Она улыбалась, но в то же время выражение её лица оставалось неопределённым… и нужно было срочно идентифицировать это выражение! классифицировать его, блин! – однако воспалённый мозг, кажется, был уже не способен даже на самое малое психическое усилие. Только и оставалось, что улыбаться в ответ.

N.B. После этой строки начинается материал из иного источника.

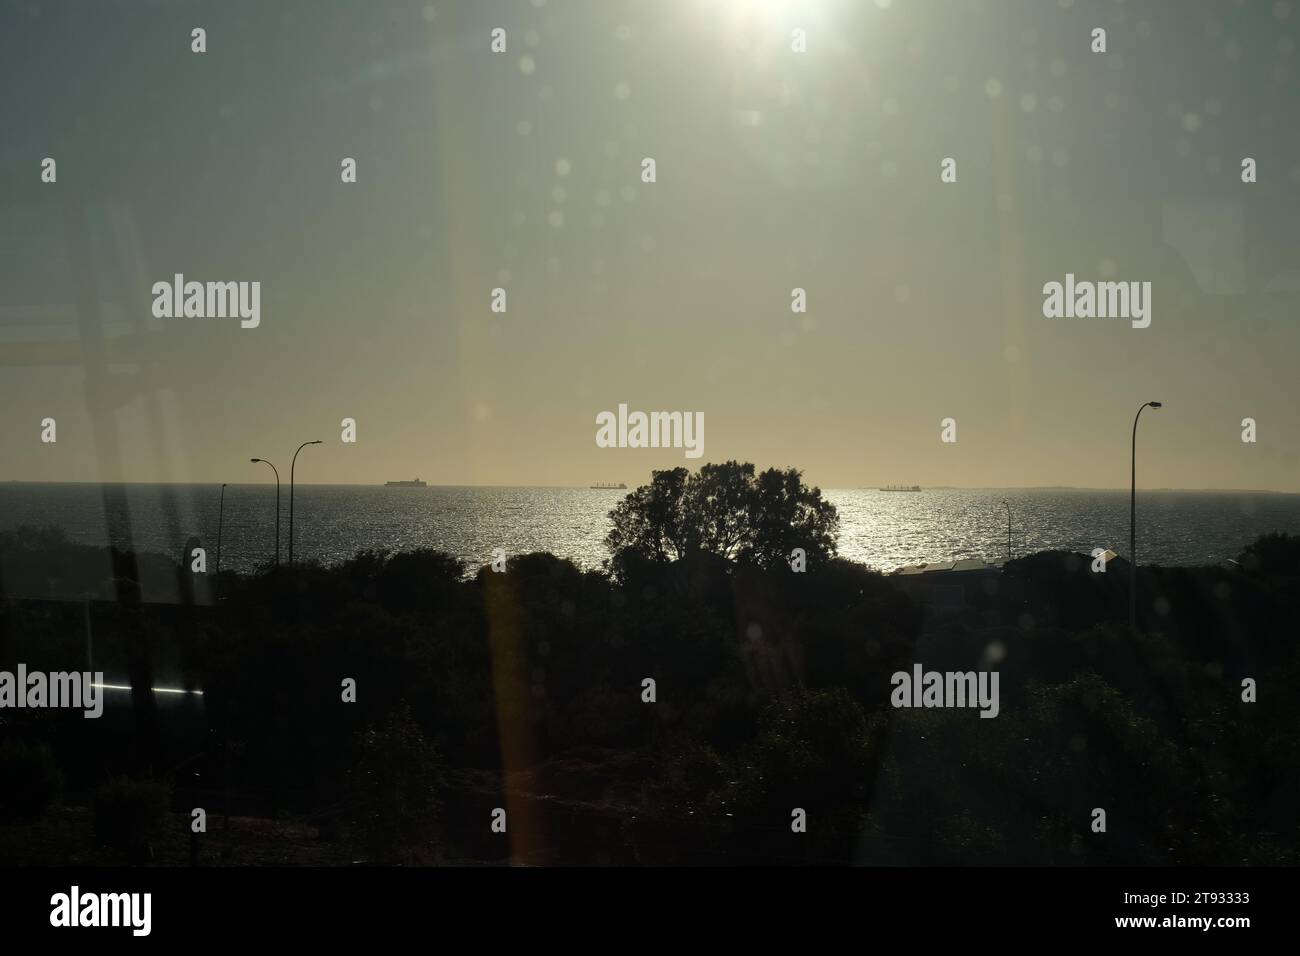 Vista de la ventana desde un tren, el sol sobre el Océano Índico, pequeños barcos en el horizonte, un paisaje en silueta a través de vidrios tintados, manchas de reflejos Foto de stock

…В перерыве после очередной пары они разговорились. Как показала практика, от пустого трёпа до сакраментальной фразы «у нас с тобой много общего» всего шаг. Герка даже помнил, какой именно: это были слова, невзначай оброненные в промежутке между очередным её ответом на невысказанный Геркин вопрос и логически вытекающим из этого ответа встречным вопросом, заданным Герке (каким – в данном случае даже не важно); конкретно, Ди выдала примерно следующее:
«…Вообще, я часто думаю, кому оно нужно! Бесконечные поиски тайного смысла как раз в тех вещах и понятиях, в которых его труднее всего распознать… хотя вокруг полно всякого такого, откуда смысл просто брызжет! Может быть, я и не права, но только мне кажется… раз ты по-любому догадываешься, что всё вокруг имеет смысл, тогда нечего и рыпаться: искать его специально, найдя – препарировать… Ведь так всю жизнь убить на поиски можно, а собственно жить-то когда!»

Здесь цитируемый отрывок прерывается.